Titre : Désarrois
Auteur : Christoph Hein
Littérature allemande
Titre original : Verwirrnis
Traducteur : Nicole Bary
Editeur : Métailié
Nombre de pages : 240
Date de parution : 19 avril 2024
L’enfance de Friedeward
Friedeward Ringeling est né le premier septembre 1933 dans l’Eichsfeld. Son père, vétéran de la Première guerre mondiale est professeur d’anglais. C’est un fervent catholique et il pratique une éducation musclée auprès de ses enfants. Si la fille échappe aux violences physiques, les deux garçons sont fréquemment punis à coups de fouet et de martinet.
Et que signifie éduquer ? S’employer à corriger durablement le développement et le comportement des adolescents. Mais aussi, si c’est nécessaire, empêcher tout développement déviant.
Magdalena, la fille, quitte rapidement le foyer pour se marier avec un homme plus âgé, père d’une petite fille. Hartwig, le fils aîné fait une fugue à seize ans.
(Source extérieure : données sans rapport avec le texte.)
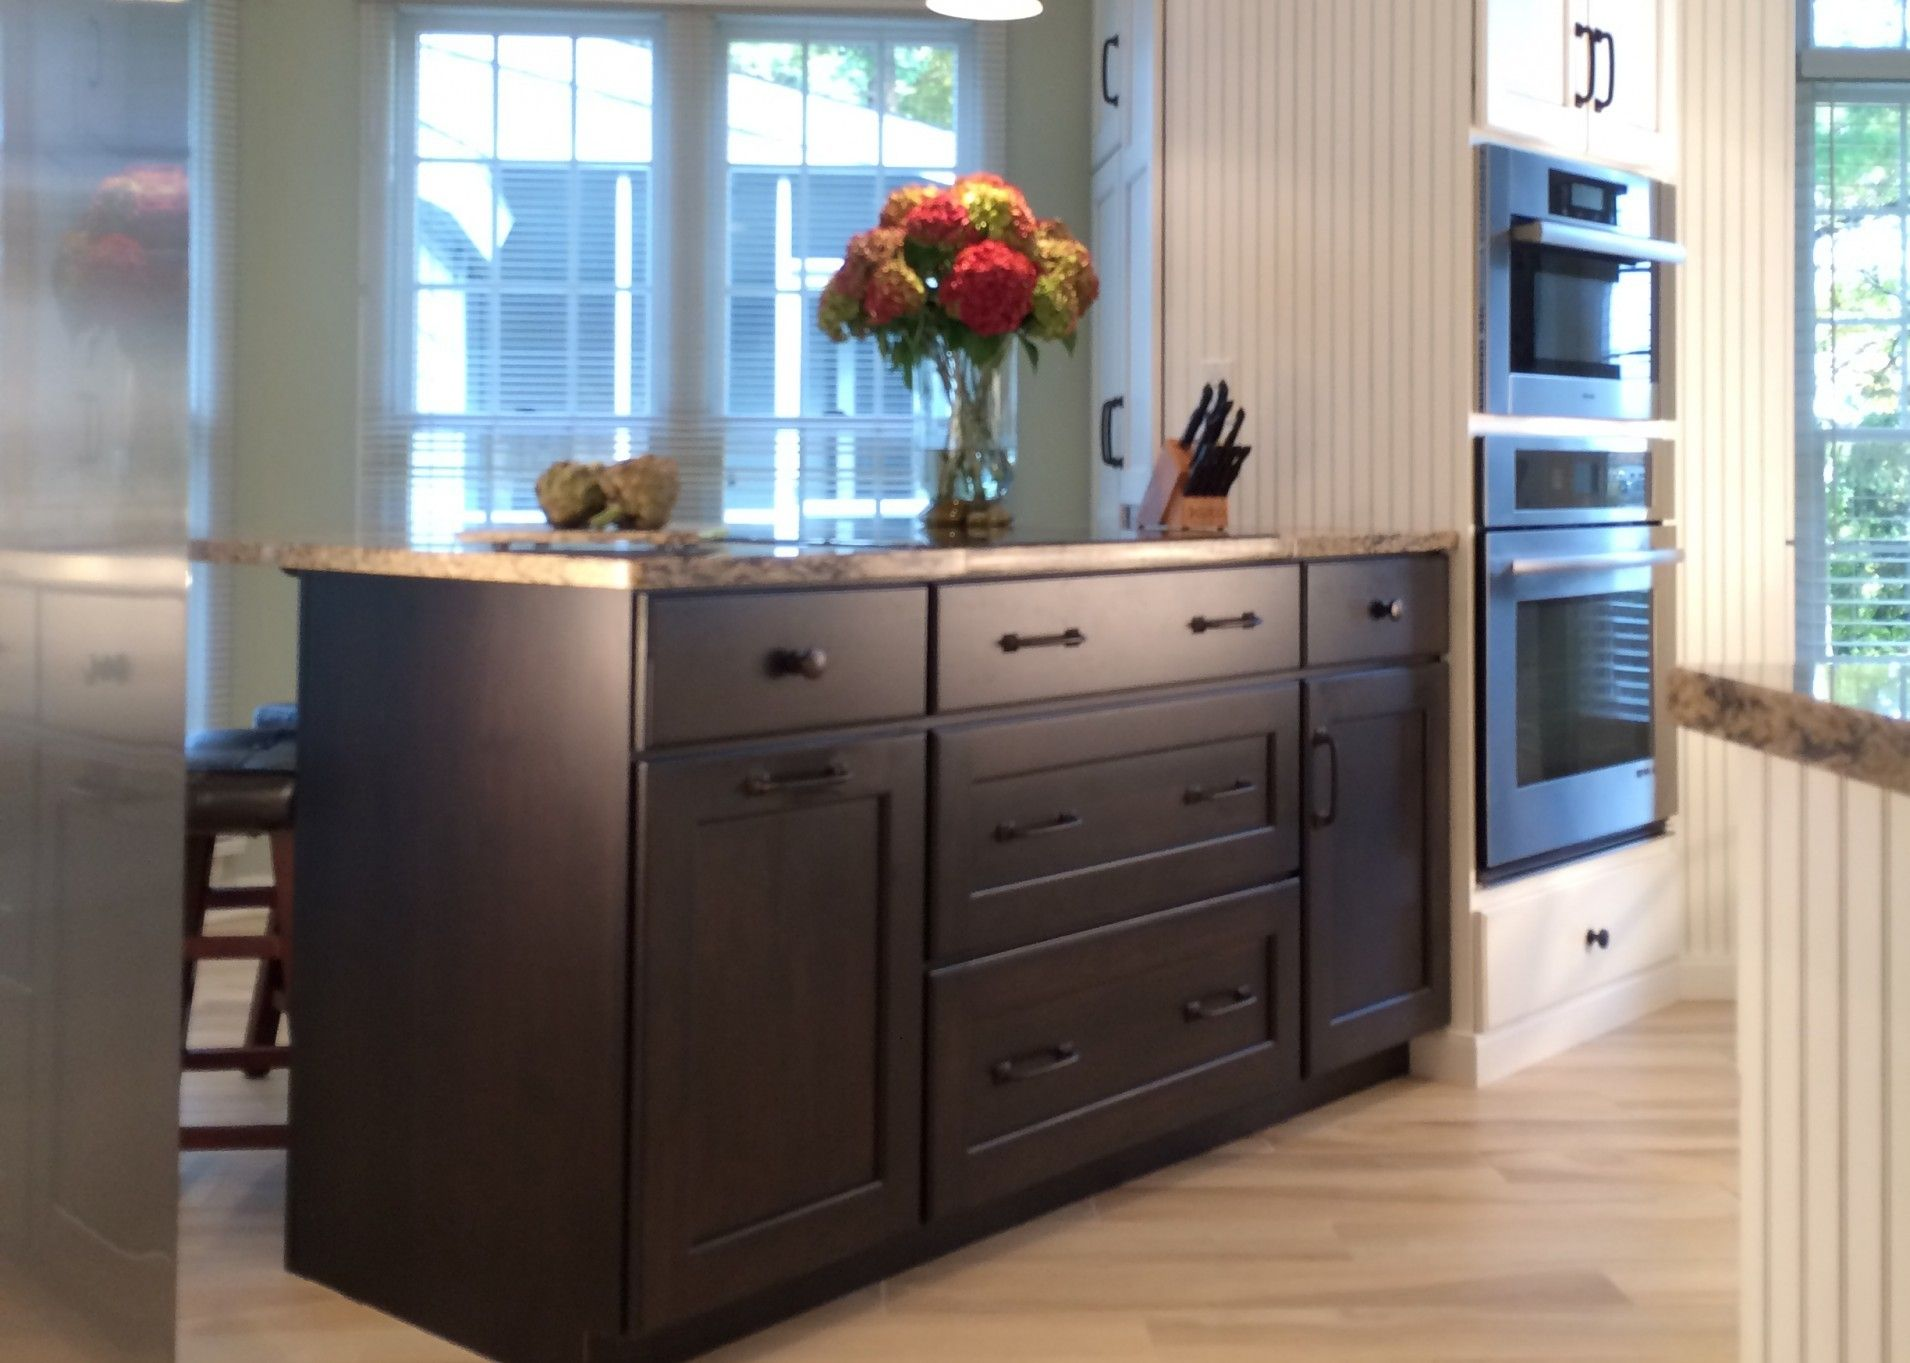 Media Gallery Holiday Kitchen Kitchen Kitchen Cabinets

Friedeward reste seul à subir la violence paternelle. Il n’ose pas s’enfuir mais il prie pour la mort de son père.
A l’école, il devient l’ami de Wolfgang Zernick, un nouvel élève. Grâce à la tante de Wolfgang, il découvre une littérature interdite. Dont le livre de Robert Musil, Les désarrois de l’élève Törless qui a inspiré le titre du roman de Christoph Hein. Ce roman d’initiation de Musil évoque la prostitution, le viol et l’homosexualité. De quoi éveiller la sexualité de Friedeward et de Wolfgang et de scandaliser le père du jeune garçon.
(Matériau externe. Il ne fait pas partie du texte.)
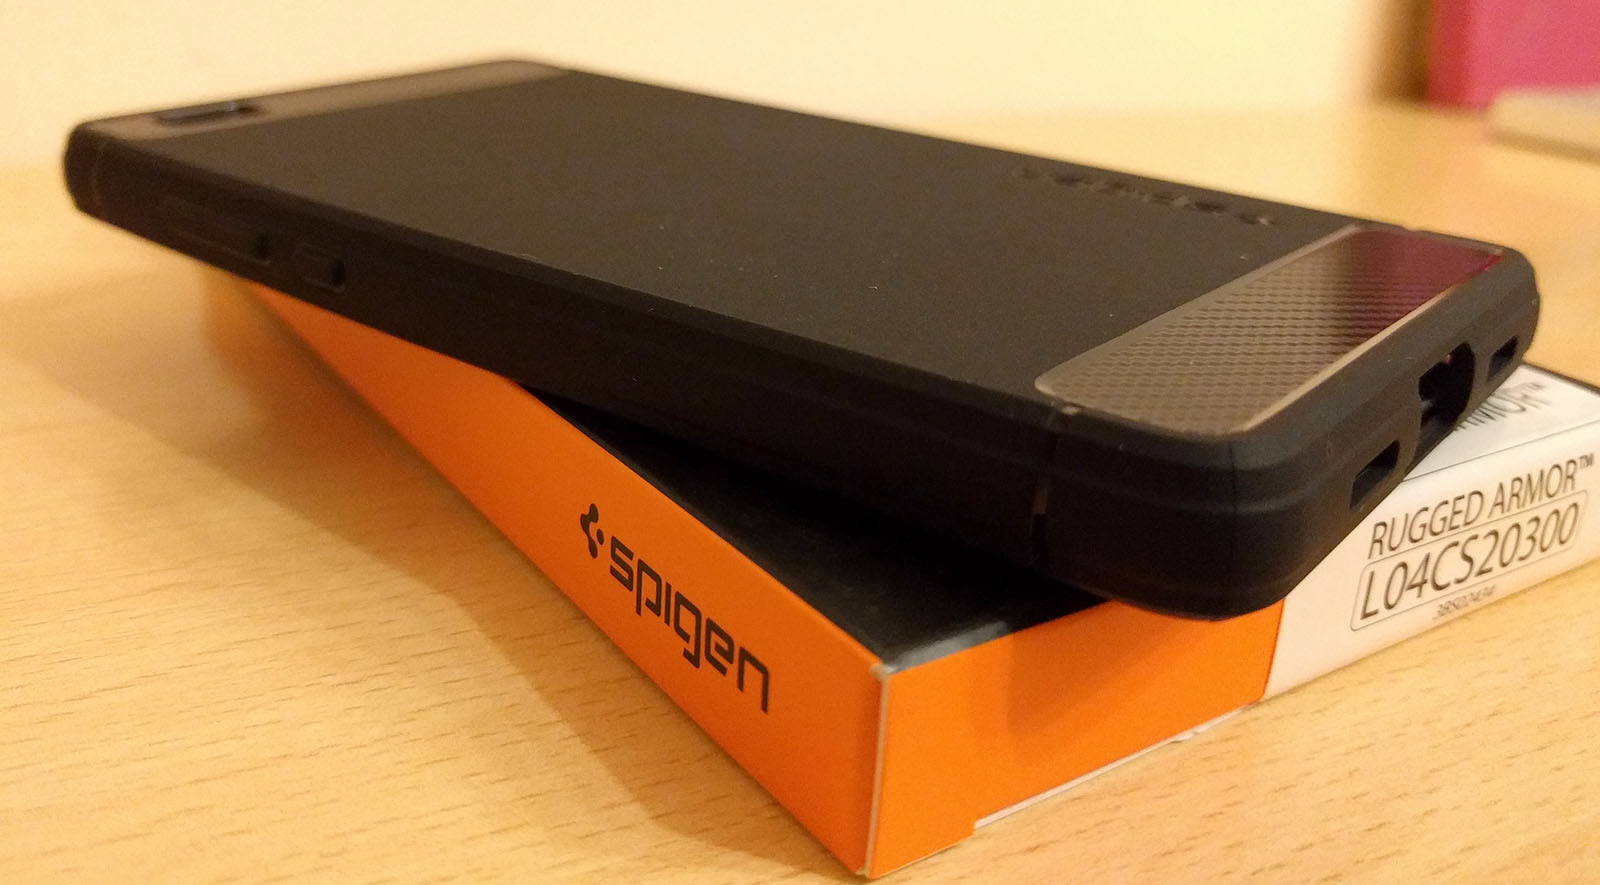 Proviamo la cover Spigen Per Huawei P8 Lite

Education, religion et politique
Friedeward devra grandir avec la peur permanente d’un père psychorigide. Si le jeune garçon ne peut être croyant, il reste choqué par les menaces de son père et du curé. Tous deux le convainquent qu’il commet un grave péché.
Le péché était un poids, l’idée que la sérénité éternelle ne lui serait pas accordée le tourmentait.
En Allemagne, l’homosexualité est passible de cinq ans de prison. En partant faire ses études à Leipzig avec Wolfgang, le jeune garçon doit être particulièrement prudent.
Certes il s’épanouit sur le plan intellectuel, avec notamment l’enseignement de Goethe, mais il devra user de nombreux subterfuges pour ne pas éveiller les soupçons de sa famille et de son entourage.
Si en 1957, les actes homosexuels entre adultes ne sont plus passibles de sanctions pénales, l’homosexualité reste une source de discrimination.
L’université de Leipzig
Christoph Hein illustre aussi l’ambiance de l’université de Leiptzig et les contraintes d’un pays coupé en deux. Wolfgang, étudiant à Berlin, devra prendre la nationalité ouest-allemande pour trouver un travail. Ce faisant il devient hors-la-loi en RDA.
Après de brillantes études et malgré l’obtention de son habilitation en 1965, Friedeward devra attendre quinze ans avant d’être nommé professeur car il n’a pas la carte du parti. Invité par des universités étrangères, il peine à obtenir des visas et reste toujours sous surveillance.
Friedeward, toujours en lutte contre son destin et contre lui-même, ne trouve jamais le repos. Pas même quand après le réunification, le ministère met le nez dans les documents de la Stasi.
Un roman fort et touchant qui offre un beau final malgré la permanence de la discrimination.